Fig. 1: Vaccination with glioma GL261 cells pulsed with PS-PDT in the subcutaneous prophylactic vaccination mouse model.

A Prophylactic vaccination of mice was performed by injecting them in the left flank on days 0 and 7 with dying/dead GL261 cells treated with three F/T cycles, 2.0 µM MTX, or PS-PDT, or by injecting them with PBS (negative control). Seven days later, the mice were challenged with viable GL261 cells in the right flank. B Tumor appearance (% survival) and growth C at the challenge site in mice subjected to vaccination and challenge with viable GL261 cells; n = 5–6 per group. *Statistically significant difference from the PBS group, (p < 0.05); ^#statistically significant difference from the F/T group, (p < 0.05), Wilcoxon test.

Subcutaneous vaccination with glioma GL261 cells pulsed with PS-PDT protects in the orthotopic glioma mouse model

We examined whether GL261 glioma cells treated with PS-PDT can induce anti-glioma protective immunity in a prophylactic setup in the orthotopic glioma mouse model. Such models are widely used to test different novel experimental treatment strategies and to characterize the immunogenicity of dying glioma cells [14, 27, 33]. Immunocompetent, syngeneic C57BL/6 mice were first subcutaneously vaccinated twice with 5 × 10⁵ glioma cells treated with PS-PDT or MTX, or with GL261 cells subjected to F/T (Fig. 2A). Eight days later, the mice were intracranially (intraventricularly) challenged with 2 × 10⁴ viable glioma GL261 cells and monitored for symptoms of neurological deficit [14, 27, 33] and for survival. Remarkably, the mice immunized twice with GL261_PS-PDT showed signs of activation of anti-tumor immunity and exhibited better survival and protection against intracranial challenge with viable glioma GL261 cells in comparison to mice injected with PBS (Fig. 2B). In the same model, vaccination with GL261_F/T or GL261_MTX also provided considerable protection against challenge with viable GL261 cells, but the results were not significantly different from GL261_PS-PDT vaccination (Fig. 2B). Similarly, analysis of the glioma-induced neurological deficit grades revealed a considerable delay in the onset of clinically relevant symptoms in the mice vaccinated with GL261_PS-PDT as compared to the PBS group (Fig. 2C, D). Of note, a single vaccination with GL261 cells pulsed with GL261_PS-PDT was not protective against intracranial challenge with viable glioma GL261 cells (Suppl. Fig. 2A, B). These data indicate that induction of ICD in glioma GL261 cells by PS-PDT followed by their subcutaneous injection twice induces anti-tumor immunity in the orthotopic glioma mouse model and protects against intra-cranial challenge with viable GL261 cells.

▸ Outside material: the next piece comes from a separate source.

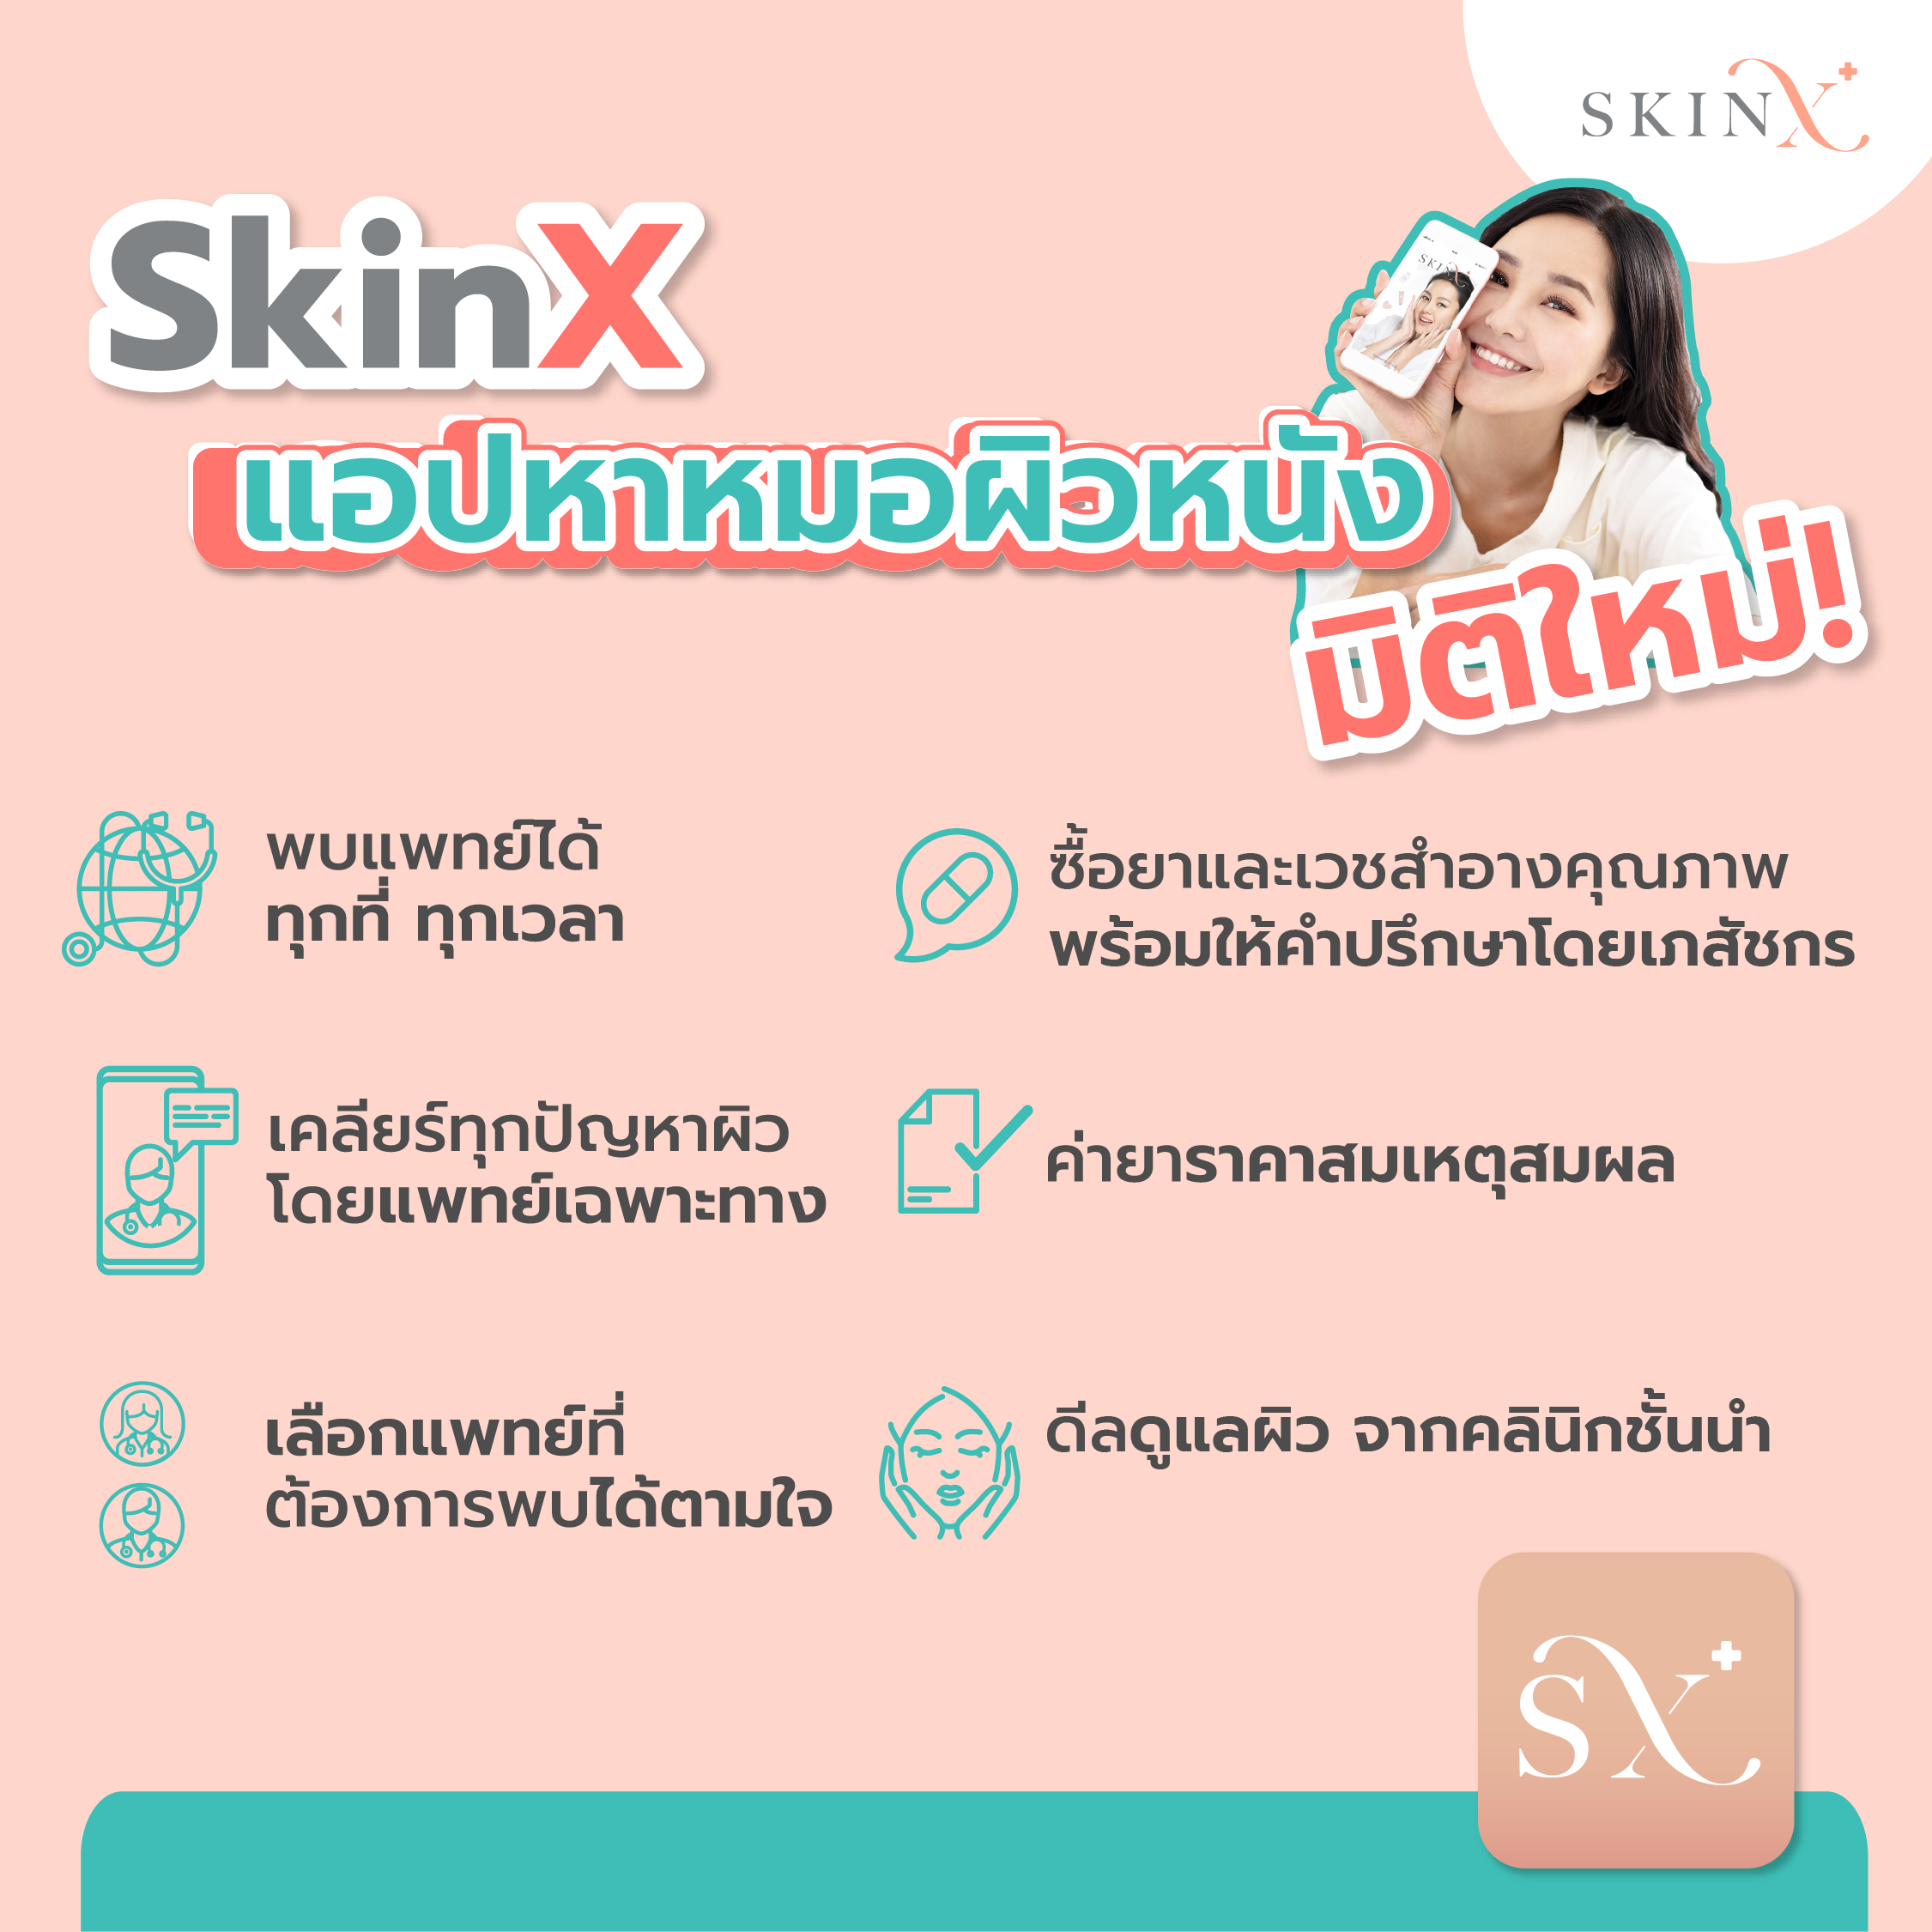 มุมมองเพิ่มเติมของสินค้า SkinX E-Vo ส่วนลด 1,000 บาท สำหรับทุกการใช้จ่ายใน SkinX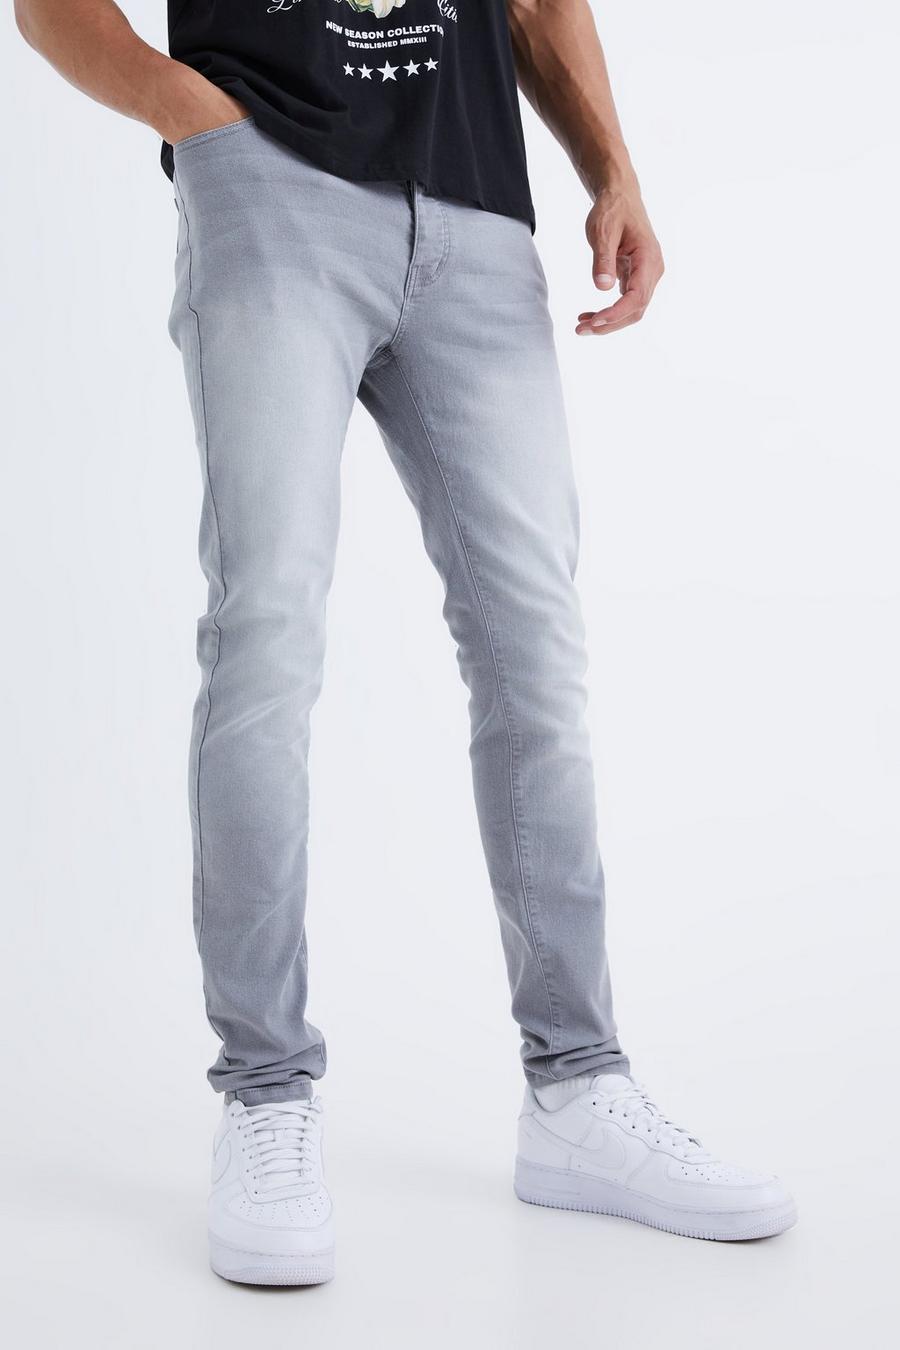 Mid grey grigio Tall Skinny Stretch Jean

Fig. 2: Subcutaneous vaccination with glioma GL261 cells pulsed with PS-PDT protects in the orthotopic high-grade glioma (HGG) mouse model.

A Experimental setup for the prophylactic vaccination of mice injected with GL261 cells treated with three F/T cycles or 2.0 µM MTX, or loaded with 1.4 µM photosens and exposed to PDT (PS-PDT), or injected with PBS. The mice were vaccinated on days 0 and 7 and challenged by intracranial stereotactic injection of viable GL261 cells on day 14. B Survival of mice vaccinated and challenged with GL261 cells as described in (A). *p < 0.01, Mantel-Cox logarithmic test. C, D The percentages of mice showing neurological alterations is shown (grade 0, grade 1, grade 2, grade 3, grade 4). The neurological status of the mice was assessed every 2–4 days for up to day 31 after intracranial tumor inoculation. N = 5–6 per group. *p < 0.05, a statistically significant difference from the PBS group; Wilcoxon test.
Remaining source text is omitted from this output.